## Work request:
Leaving pictures out, repeat word for word the line that has "2020 Iphone SE" and each line that follows it to the end of the listing.

## Collected data:
***
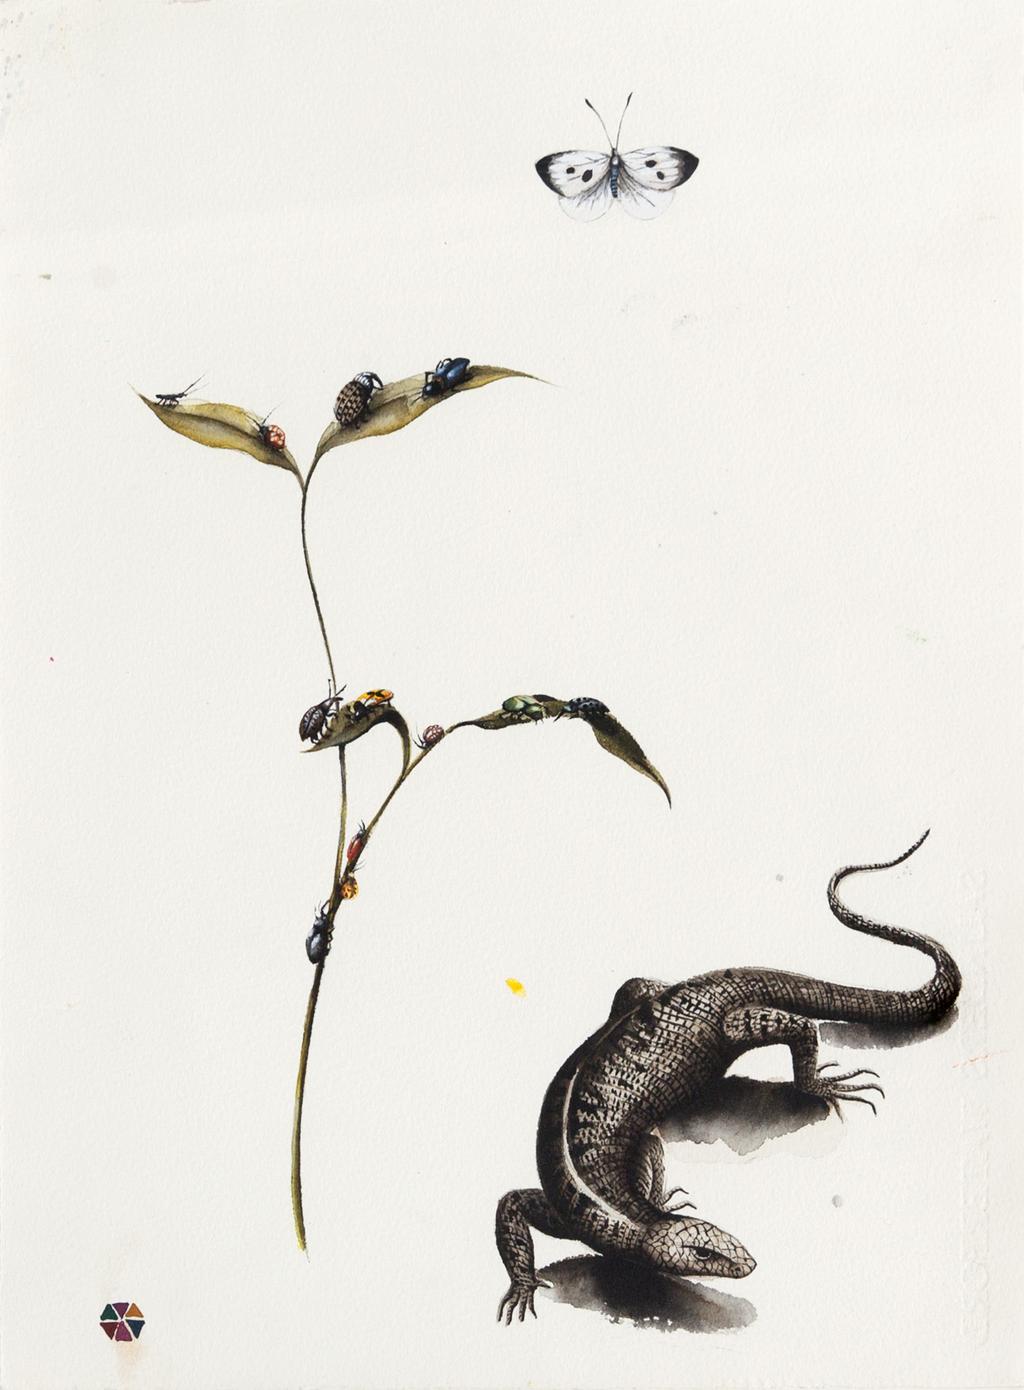 Lizard and insects watercolour on
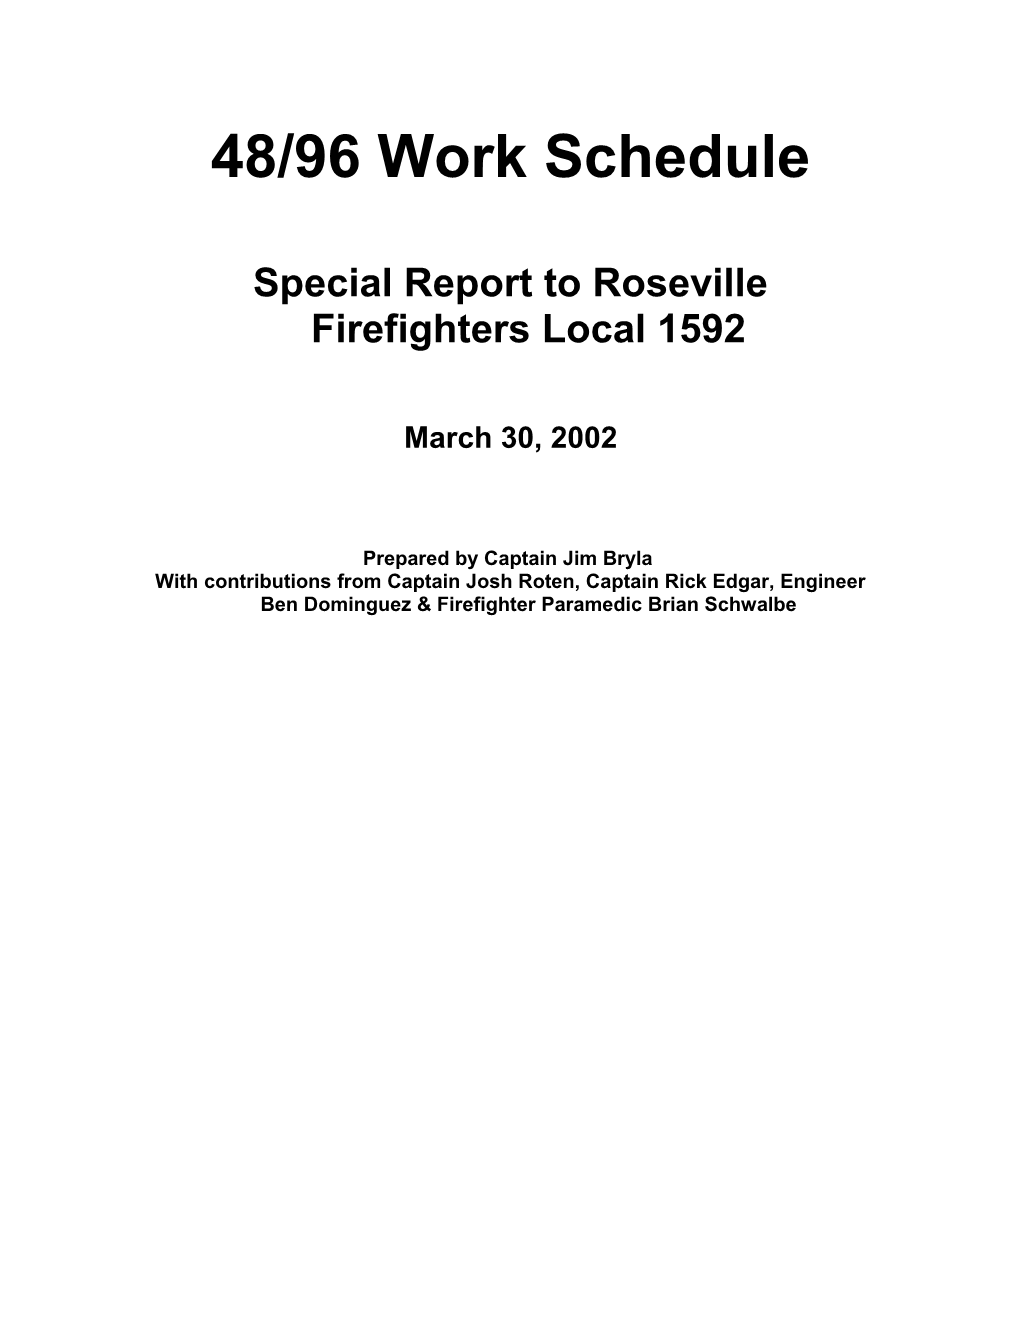 Special Report to Roseville Firefighters Local 1592
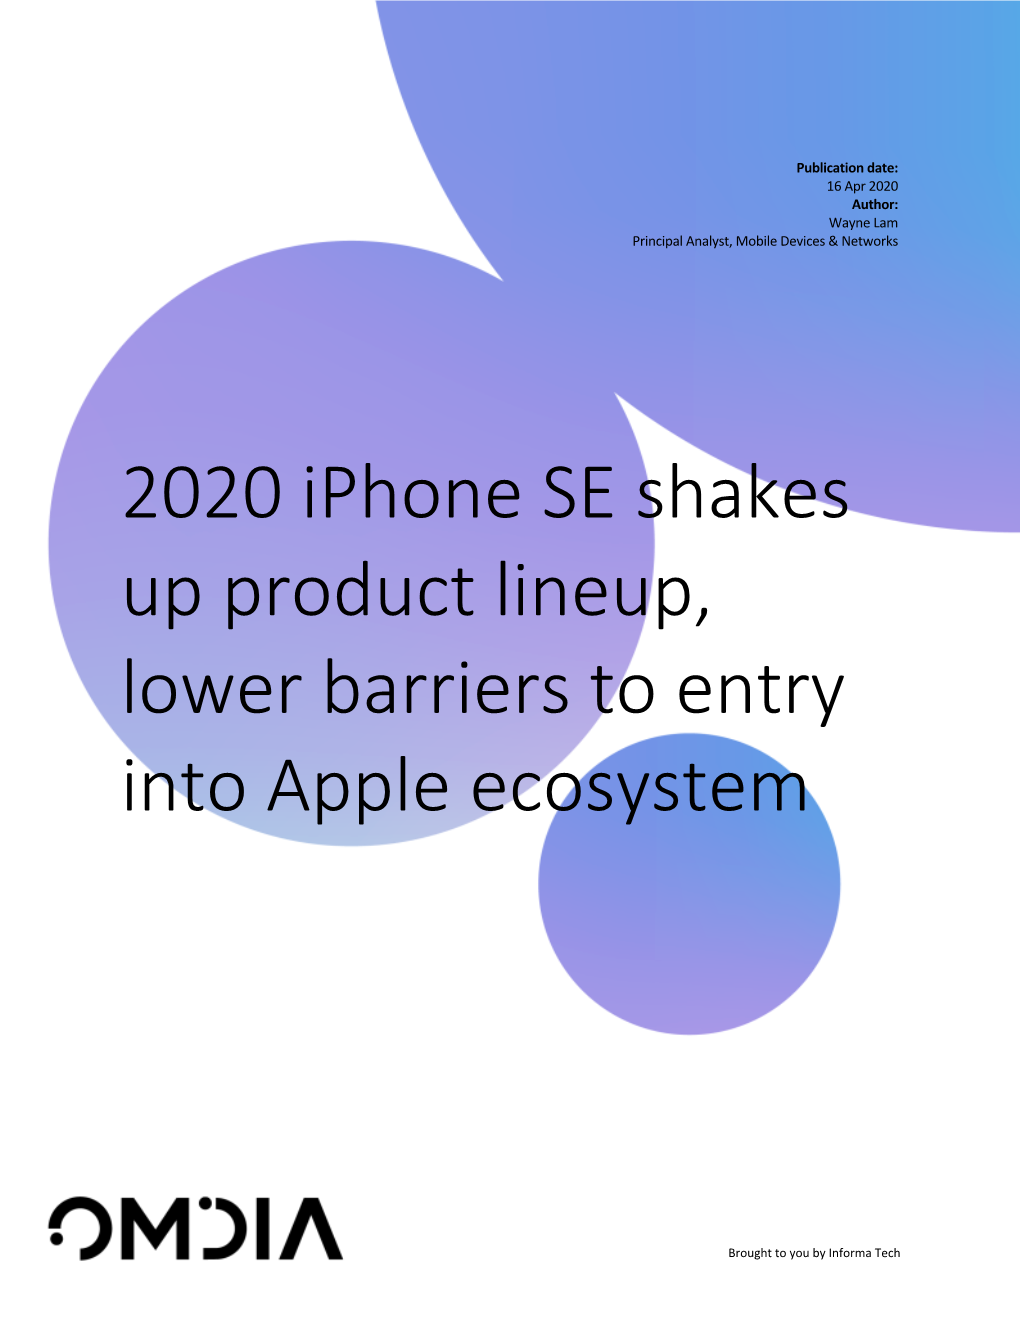 2020 Iphone SE Shakes up Product Lineup, Lower Barriers to Entry Into Apple Ecosystem
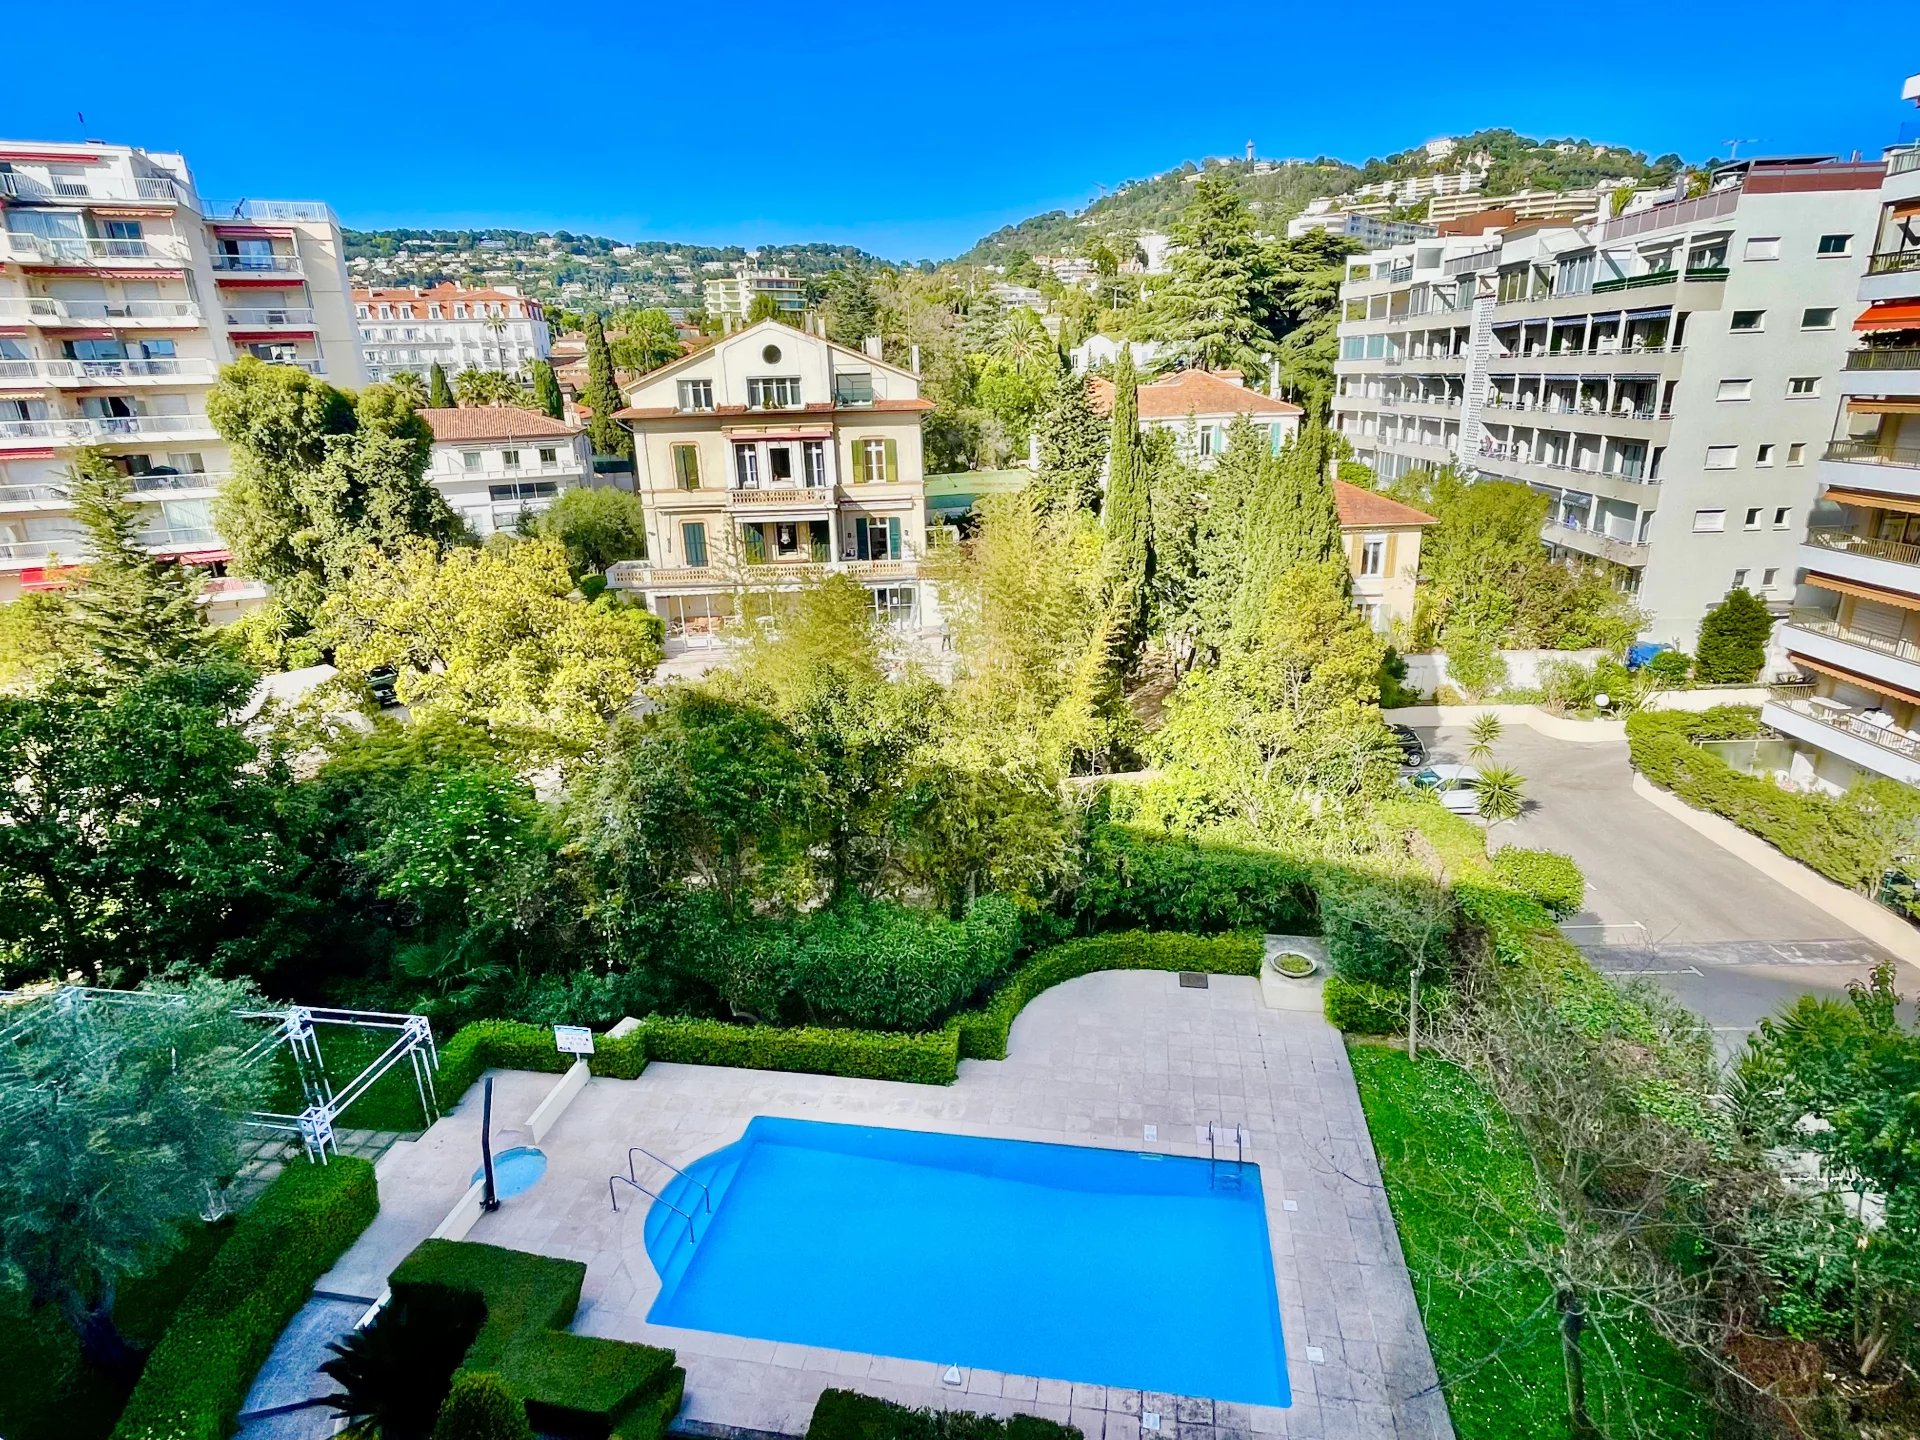 CANNES SALE APARTMENT 3P NEAR CENTER AND BEACHES. SWIMMING POOL IN RESIDENCE
***
## Answer to the problem:
 2020 Iphone SE Shakes up Product Lineup, Lower Barriers to Entry Into Apple Ecosystem
 CANNES SALE APARTMENT 3P NEAR CENTER AND BEACHES. SWIMMING POOL IN RESIDENCE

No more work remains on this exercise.